Remember The 'Sometimes, Always, Never' Rule When Wearing A Suit Coat

Most men's suit jackets have three buttons down the front. Leave them all unbuttoned and you look informal. Button them all and you look like a schoolboy in his first suit or a school uniform. So which should you button and which stay open? This rule is easy to remember: "Sometimes, Always, Never" from top to bottom.

Honestly, this is a rule I've known for a long time, but talking about it with others (and the folks at the Art of Manliness) revealed that it's perhaps not as common knowledge as I thought, and it really should be. They explain:

Starting with the top button and working your way down: it's sometimes appropriate to have the top button buttoned along with the middle one (a stylistic decision — if the lapel is flat, it can look good to button it; if the lapel rolls over and hides the top button, only button the middle one), it’s always appropriate to have the middle button buttoned (the middle button pulls the jacket together at your natural waist and lets the bottom naturally flare out around your hips), and you should never button the last button (doing so messes up the intended tailoring and flare offered by the middle button).

I'd add that the bottom button runs the risk of drawing the jacket in too close or being too tight around the waist while you move around, and is especially unflattering if you have a bit of a belly under that jacket. It may seem like a silly rule, but there is rationale behind it, both from a fashion and a tailoring perspective. There are exceptions (some people like to button all three in very formal situations, like if you're a banker, lawyer, or going to a funeral) to the rule, of course. If it's all just too complicated for you, you could always just buy two button suits and get around the problem entirely.

The Sometimes, Always Never 3-Button Rule [The Art of Manliness]


Comments

    Two button suits aren't any different.
    The bottom button should almost never be done up for the same reason as a three button suit.

    The only time you'd do it up is if you're outside and it is windy, on both the two and three you'll then do up the bottom button as so the suit doesn't flap around in the wind.

    At the risk of being mercilessly trolled, I would say that this can depend on the cut of the suit. My favourite suit jacket looks better with just the middle or the middle plus the bottom button done up.

      This.

      It isn't a hard/fast rule, and is determined by the cut.

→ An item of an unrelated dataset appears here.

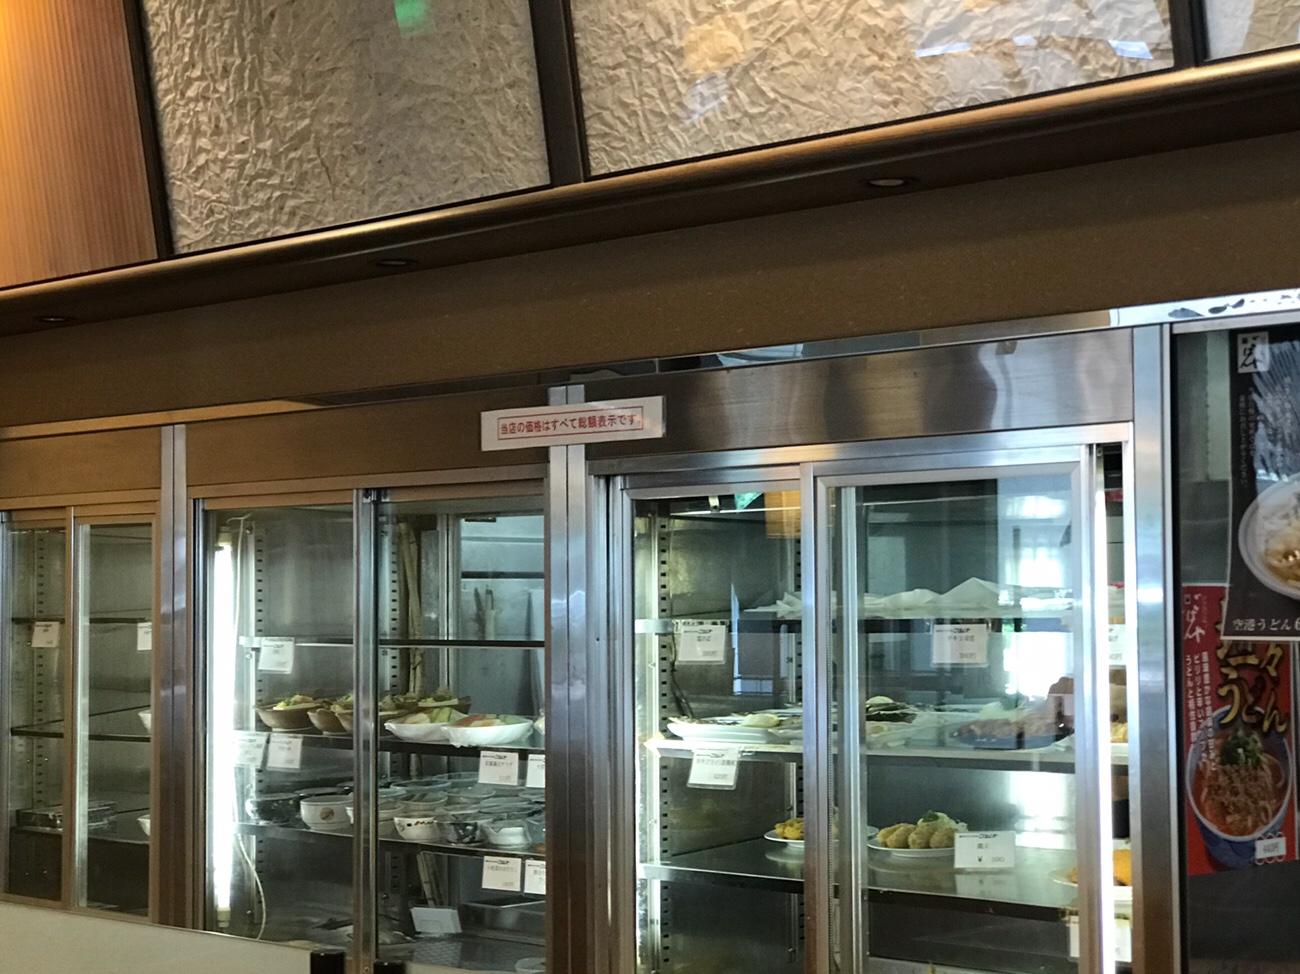 冷蔵庫からおかず 広島空港食事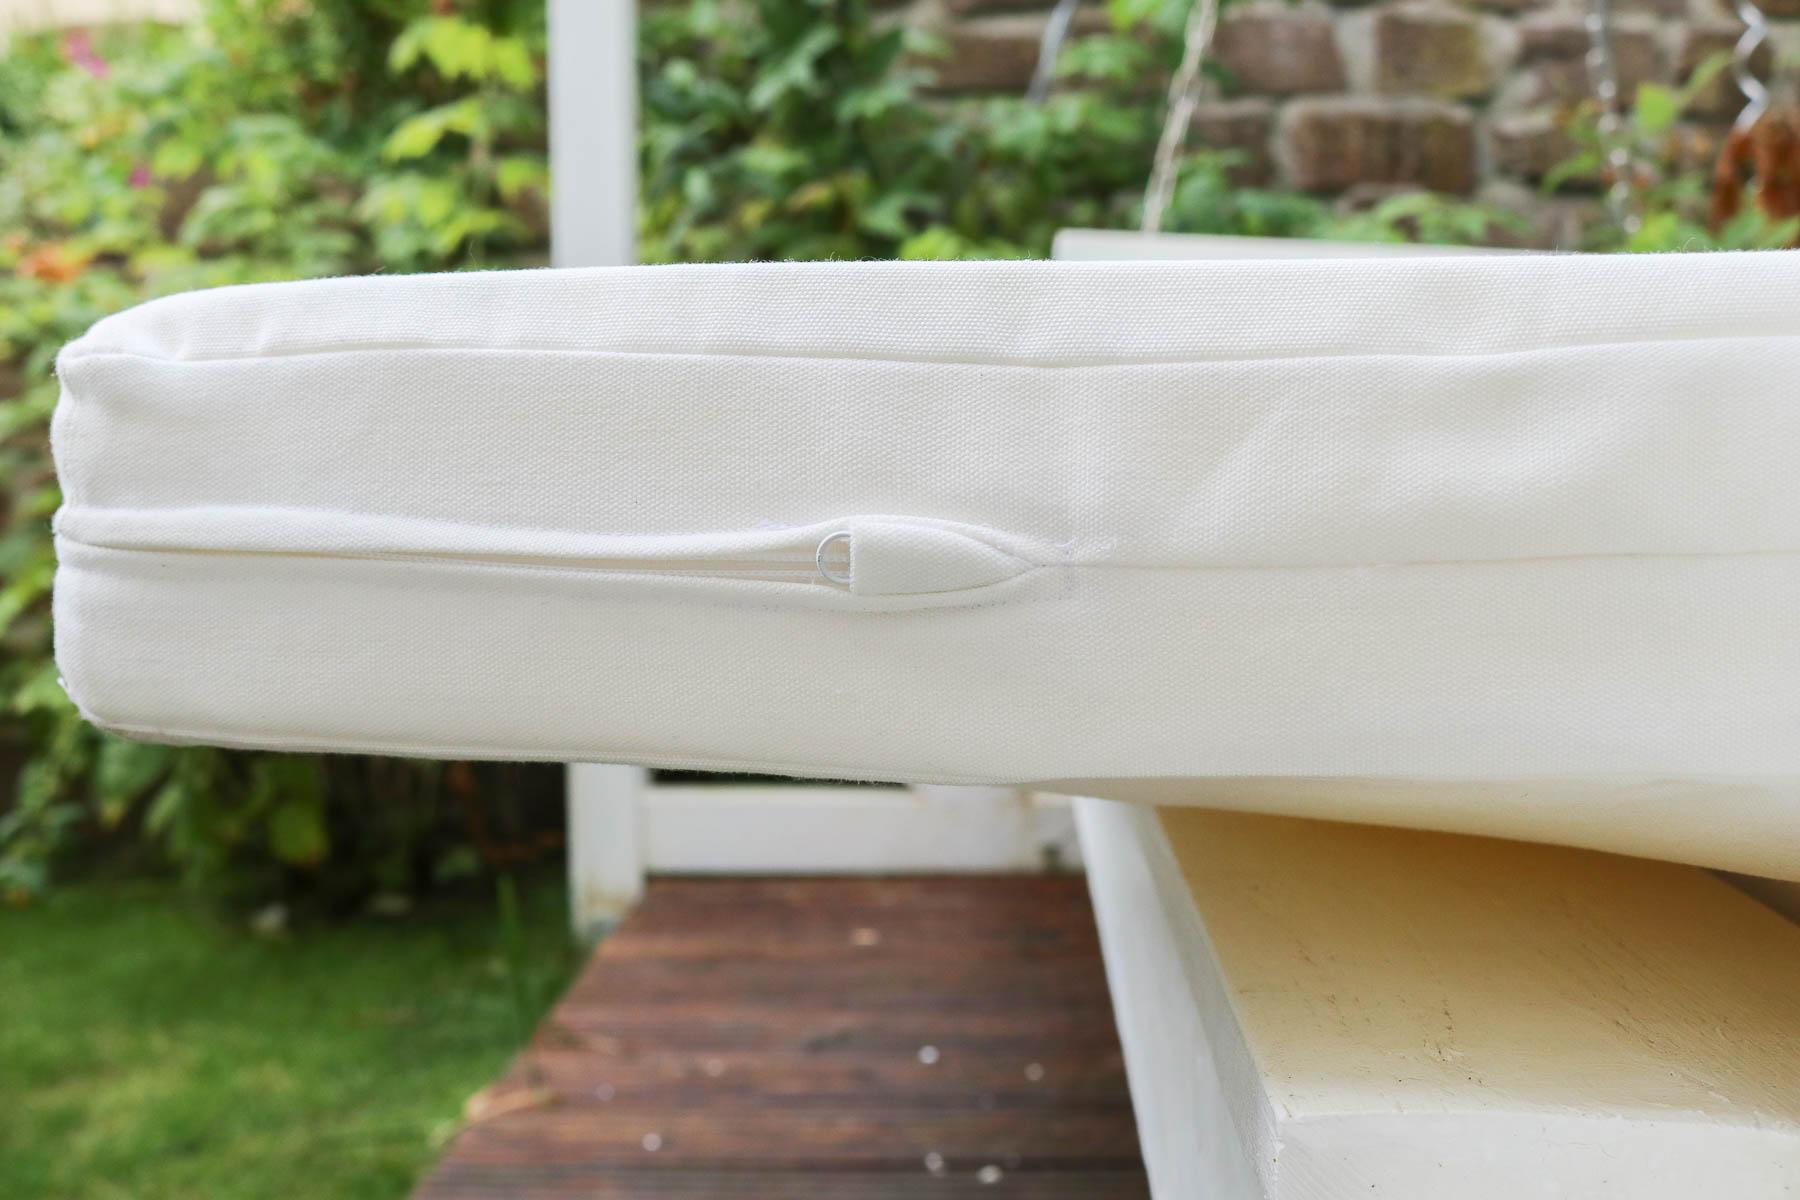 Nahtverdeckter Reißverschluss bei Sitzauflage für Gartenschaukel. JanaKnöpfchen - Nähen für Jungs

Really structured military style coats (eg Mao collared suits) need to be straight, and the bottom button maintains this.

      I agree that there are some suits that look better to the eye when the bottom button is buttoned, but you still shouldn't do it. The problem is that you are breaking a known rule and in professional situations it can make you appear uncouth. Which is likely the opposite of your goal if you are wearing a suit.

    Unbuttoning the bottom button also gives you access to your pants' pockets without looking like you're hitching up a dress...

    "Honestly, this is a rule I’ve known for a long time, but talking about it with others (and the folks at the Art of Manliness) revealed that it’s perhaps not as common knowledge as I thought, and it really should be."